I am planning my new system and am wondering whether I should go for a WD Raptor 74G or a SATA II with NCQ hard drive (planning to get the new nForce 4 Gigabyte MOBO as soon as it comes out, so yes, it supports SATA II / NCQ). Performance is the only consideration (fast boot, fast read / write, ...), regardless of price and capacity. I know ICQ's benefits will really show only when software is updated to take advantage of it, but at the moment and in the near future, which would be most performant?

Regards,
Dave
 
The NCQ wont be doing anything special for you just yet, but SATA is much nicer than your typical ATA drives. They are hot swappable, the are the new standard, and the cables are tiny.

I would also recommend NOT getting a Western Digital. I've had bad luck with them, and the raptors are NOISEY.

Seagate is what I have found to be the most reliable, and relatively quiet drives out there. Not to mention their 5 year warranty even on OEM drives.

Something like this will do you good:
http://www.newegg.com/app/view...=22-148-033&depa=1

$40 cheaper, and 200gigs. Good for storage drive. Can get a smaller one for your OS / Games with two partitions also:
http://www.newegg.com/app/View...=22-148-019&depa=1
 
I would get the Raptor, they aren't that loud, and the 74GB Raptors do have NCQ built in. You will also see the most immediate speed boost from the Raptors 10K rotational speed.
 
Originally posted by: gate1975mlm
I do not think the 74GB Raptors have NCQ built in!

They do, but it's actually slower in most cases with it turned on. Most controllers these days don't support it, so you don't have to worry anyway.
 
OK, yes they do have NCQ, and the next Gigabyte MOBO's controllers DO support it. I also know that the benefits are minimal at the moment with the current software (need optimisations for support to NCQ).

Apparently, same goes for the rest of the SATA II features like HotPlug, Staggered Pin Up and asynchronous signal recovery.
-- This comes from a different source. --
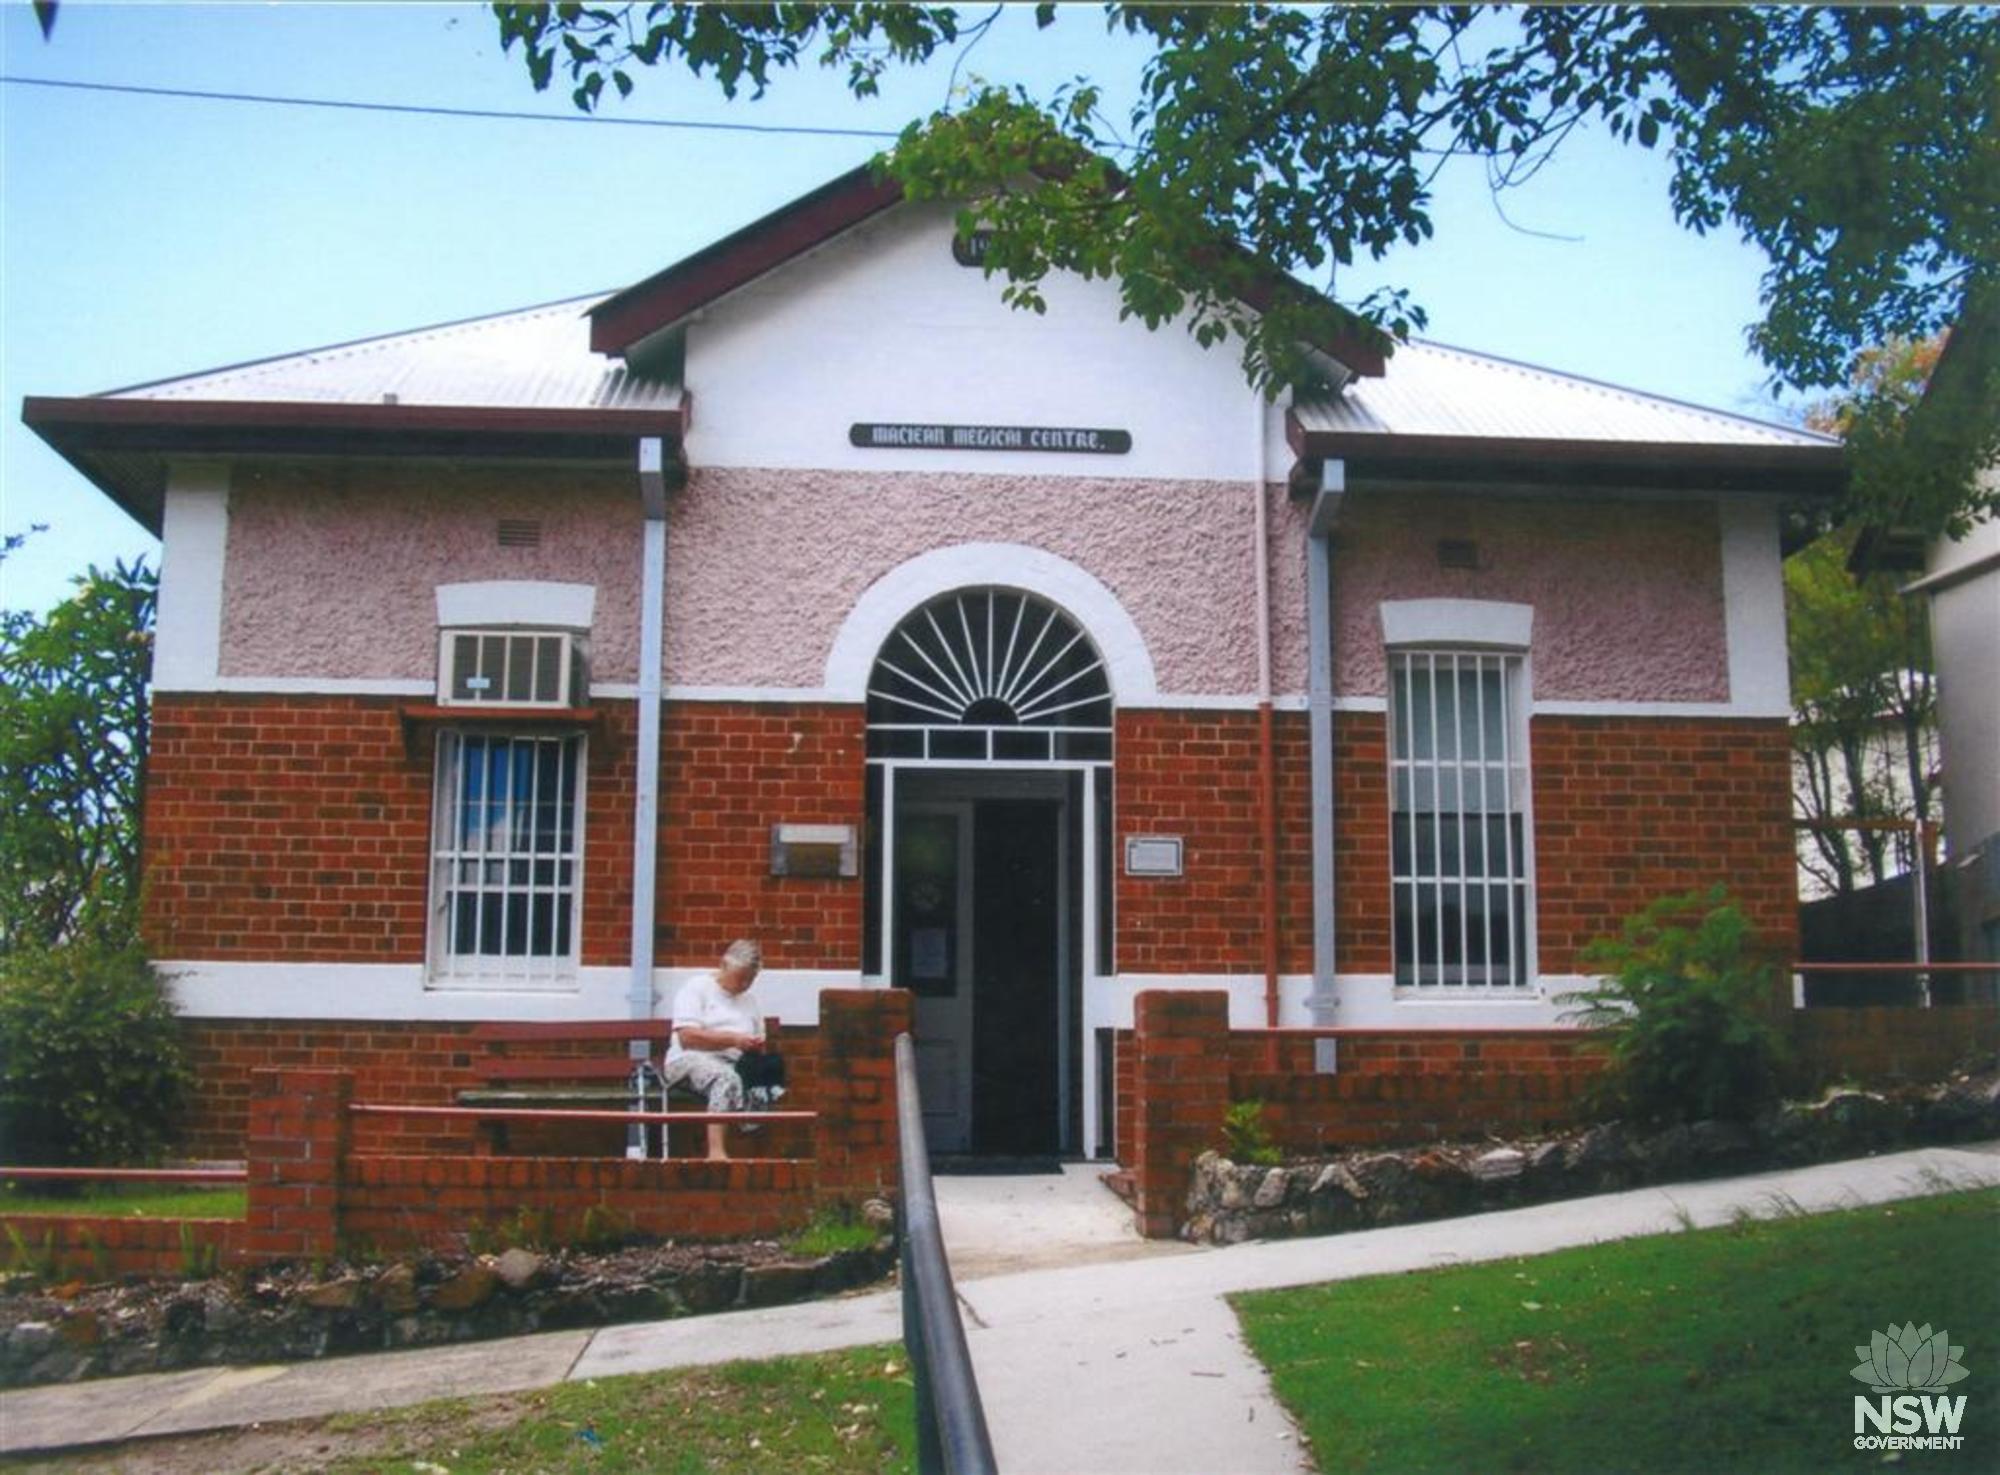 Former Harwood Shire Chambers in Maclean

So, as jdogg77 was saying above, the most immediate improvement I would see from a HD is its rotational speed, and as such the Raptor seems to be the right choice. I think I'll go for it, get one of these to install my OS's and programs and use a larger, smaller drive to store documents, downloads, etc


 
oops! didn't know it was different. That wasn't very clear on WD website, they were just speaking of "command queuing". Wrongly assumed it was the same as NCQ.
 
Originally posted by: DaveDM
oops! didn't know it was different. That wasn't very clear on WD website, they were just speaking of "command queuing". Wrongly assumed it was the same as NCQ.

Made the same mistake myself!
 
I was considering buying a WD Raptor 74GB HD until I stumbled across a deal for $25 80GB WD Caviar HDs. Gonna get two, put it in RAID and only be slightly slower and much quieter than the Raptor for about 1/4 of the cost. Big downside is that they are IDE vs. SATA, but I'm way over my budget for my computer right now, so I have to cut costs everywhere.
 
I have the raptor, and I like it immensly. As far as noise, it isn't any louder than my Seagate 200GB HD. The speed improvement is negligible with small files, but for gaming it is very noticeable.